Top of Record excerpts
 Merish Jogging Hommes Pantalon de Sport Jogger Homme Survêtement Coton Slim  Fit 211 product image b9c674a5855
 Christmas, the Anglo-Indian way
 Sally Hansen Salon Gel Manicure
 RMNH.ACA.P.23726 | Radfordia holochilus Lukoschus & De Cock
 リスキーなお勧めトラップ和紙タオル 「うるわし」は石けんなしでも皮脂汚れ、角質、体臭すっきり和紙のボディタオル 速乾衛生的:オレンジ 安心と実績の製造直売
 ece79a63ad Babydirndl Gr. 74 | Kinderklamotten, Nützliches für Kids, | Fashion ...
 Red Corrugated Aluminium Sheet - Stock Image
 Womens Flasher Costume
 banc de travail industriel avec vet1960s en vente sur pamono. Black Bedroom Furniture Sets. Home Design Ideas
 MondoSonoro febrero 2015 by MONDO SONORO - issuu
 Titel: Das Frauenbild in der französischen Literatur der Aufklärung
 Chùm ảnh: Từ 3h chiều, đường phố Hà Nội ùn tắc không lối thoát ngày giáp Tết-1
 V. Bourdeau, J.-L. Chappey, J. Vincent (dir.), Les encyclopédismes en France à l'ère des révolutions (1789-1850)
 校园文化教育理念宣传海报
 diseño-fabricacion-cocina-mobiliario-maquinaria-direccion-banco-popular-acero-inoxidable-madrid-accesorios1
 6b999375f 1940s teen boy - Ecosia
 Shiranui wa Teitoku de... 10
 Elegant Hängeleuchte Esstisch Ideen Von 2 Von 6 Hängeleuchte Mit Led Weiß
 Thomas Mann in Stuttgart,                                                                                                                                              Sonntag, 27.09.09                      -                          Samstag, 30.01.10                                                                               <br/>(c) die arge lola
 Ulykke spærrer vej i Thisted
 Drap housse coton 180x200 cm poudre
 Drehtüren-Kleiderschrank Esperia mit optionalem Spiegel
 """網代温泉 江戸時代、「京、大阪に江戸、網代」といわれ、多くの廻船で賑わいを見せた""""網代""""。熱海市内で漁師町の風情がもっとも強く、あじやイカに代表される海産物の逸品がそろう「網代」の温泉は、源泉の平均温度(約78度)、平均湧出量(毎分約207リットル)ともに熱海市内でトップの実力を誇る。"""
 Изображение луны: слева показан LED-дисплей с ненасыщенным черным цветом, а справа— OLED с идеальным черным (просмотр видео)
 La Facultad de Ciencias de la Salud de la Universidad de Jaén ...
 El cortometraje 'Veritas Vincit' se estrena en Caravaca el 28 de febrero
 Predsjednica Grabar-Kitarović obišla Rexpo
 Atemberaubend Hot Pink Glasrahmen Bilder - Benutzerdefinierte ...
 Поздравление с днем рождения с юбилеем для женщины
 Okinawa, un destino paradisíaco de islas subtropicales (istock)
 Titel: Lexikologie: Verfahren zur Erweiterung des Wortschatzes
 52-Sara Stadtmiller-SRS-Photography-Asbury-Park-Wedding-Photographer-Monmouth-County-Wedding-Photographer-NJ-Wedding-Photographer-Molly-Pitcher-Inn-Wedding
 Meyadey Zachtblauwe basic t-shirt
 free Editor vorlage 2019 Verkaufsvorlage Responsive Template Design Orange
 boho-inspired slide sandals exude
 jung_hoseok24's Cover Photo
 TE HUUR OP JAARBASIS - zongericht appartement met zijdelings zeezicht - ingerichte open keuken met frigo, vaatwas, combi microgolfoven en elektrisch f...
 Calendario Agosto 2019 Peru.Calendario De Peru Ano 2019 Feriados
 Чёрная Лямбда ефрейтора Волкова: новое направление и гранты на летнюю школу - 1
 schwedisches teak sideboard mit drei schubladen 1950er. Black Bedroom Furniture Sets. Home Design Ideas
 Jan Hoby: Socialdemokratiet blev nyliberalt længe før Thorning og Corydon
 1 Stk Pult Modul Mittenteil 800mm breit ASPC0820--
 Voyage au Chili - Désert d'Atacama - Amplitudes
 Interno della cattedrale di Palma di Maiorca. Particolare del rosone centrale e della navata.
Bottom of Record excerpts
## Your objective:
Every record must be set down again exactly.

## Task output:
 Merish Jogging Hommes Pantalon de Sport Jogger Homme Survêtement Coton Slim  Fit 211 product image b9c674a5855
 Christmas, the Anglo-Indian way
 Sally Hansen Salon Gel Manicure
 RMNH.ACA.P.23726 | Radfordia holochilus Lukoschus & De Cock
 リスキーなお勧めトラップ和紙タオル 「うるわし」は石けんなしでも皮脂汚れ、角質、体臭すっきり和紙のボディタオル 速乾衛生的:オレンジ 安心と実績の製造直売
 ece79a63ad Babydirndl Gr. 74 | Kinderklamotten, Nützliches für Kids, | Fashion ...
 Red Corrugated Aluminium Sheet - Stock Image
 Womens Flasher Costume
 banc de travail industriel avec vet1960s en vente sur pamono. Black Bedroom Furniture Sets. Home Design Ideas
 MondoSonoro febrero 2015 by MONDO SONORO - issuu
 Titel: Das Frauenbild in der französischen Literatur der Aufklärung
 Chùm ảnh: Từ 3h chiều, đường phố Hà Nội ùn tắc không lối thoát ngày giáp Tết-1
 V. Bourdeau, J.-L. Chappey, J. Vincent (dir.), Les encyclopédismes en France à l'ère des révolutions (1789-1850)
 校园文化教育理念宣传海报
 diseño-fabricacion-cocina-mobiliario-maquinaria-direccion-banco-popular-acero-inoxidable-madrid-accesorios1
 6b999375f 1940s teen boy - Ecosia
 Shiranui wa Teitoku de... 10
 Elegant Hängeleuchte Esstisch Ideen Von 2 Von 6 Hängeleuchte Mit Led Weiß
 Thomas Mann in Stuttgart,                                                                                                                                              Sonntag, 27.09.09                      -                          Samstag, 30.01.10                                                                               <br/>(c) die arge lola
 Ulykke spærrer vej i Thisted
 Drap housse coton 180x200 cm poudre
 Drehtüren-Kleiderschrank Esperia mit optionalem Spiegel
 """網代温泉 江戸時代、「京、大阪に江戸、網代」といわれ、多くの廻船で賑わいを見せた""""網代""""。熱海市内で漁師町の風情がもっとも強く、あじやイカに代表される海産物の逸品がそろう「網代」の温泉は、源泉の平均温度(約78度)、平均湧出量(毎分約207リットル)ともに熱海市内でトップの実力を誇る。"""
 Изображение луны: слева показан LED-дисплей с ненасыщенным черным цветом, а справа— OLED с идеальным черным (просмотр видео)
 La Facultad de Ciencias de la Salud de la Universidad de Jaén ...
 El cortometraje 'Veritas Vincit' se estrena en Caravaca el 28 de febrero
 Predsjednica Grabar-Kitarović obišla Rexpo
 Atemberaubend Hot Pink Glasrahmen Bilder - Benutzerdefinierte ...
 Поздравление с днем рождения с юбилеем для женщины
 Okinawa, un destino paradisíaco de islas subtropicales (istock)
 Titel: Lexikologie: Verfahren zur Erweiterung des Wortschatzes
 52-Sara Stadtmiller-SRS-Photography-Asbury-Park-Wedding-Photographer-Monmouth-County-Wedding-Photographer-NJ-Wedding-Photographer-Molly-Pitcher-Inn-Wedding
 Meyadey Zachtblauwe basic t-shirt
 free Editor vorlage 2019 Verkaufsvorlage Responsive Template Design Orange
 boho-inspired slide sandals exude
 jung_hoseok24's Cover Photo
 TE HUUR OP JAARBASIS - zongericht appartement met zijdelings zeezicht - ingerichte open keuken met frigo, vaatwas, combi microgolfoven en elektrisch f...
 Calendario Agosto 2019 Peru.Calendario De Peru Ano 2019 Feriados
 Чёрная Лямбда ефрейтора Волкова: новое направление и гранты на летнюю школу - 1
 schwedisches teak sideboard mit drei schubladen 1950er. Black Bedroom Furniture Sets. Home Design Ideas
 Jan Hoby: Socialdemokratiet blev nyliberalt længe før Thorning og Corydon
 1 Stk Pult Modul Mittenteil 800mm breit ASPC0820--
 Voyage au Chili - Désert d'Atacama - Amplitudes
 Interno della cattedrale di Palma di Maiorca. Particolare del rosone centrale e della navata.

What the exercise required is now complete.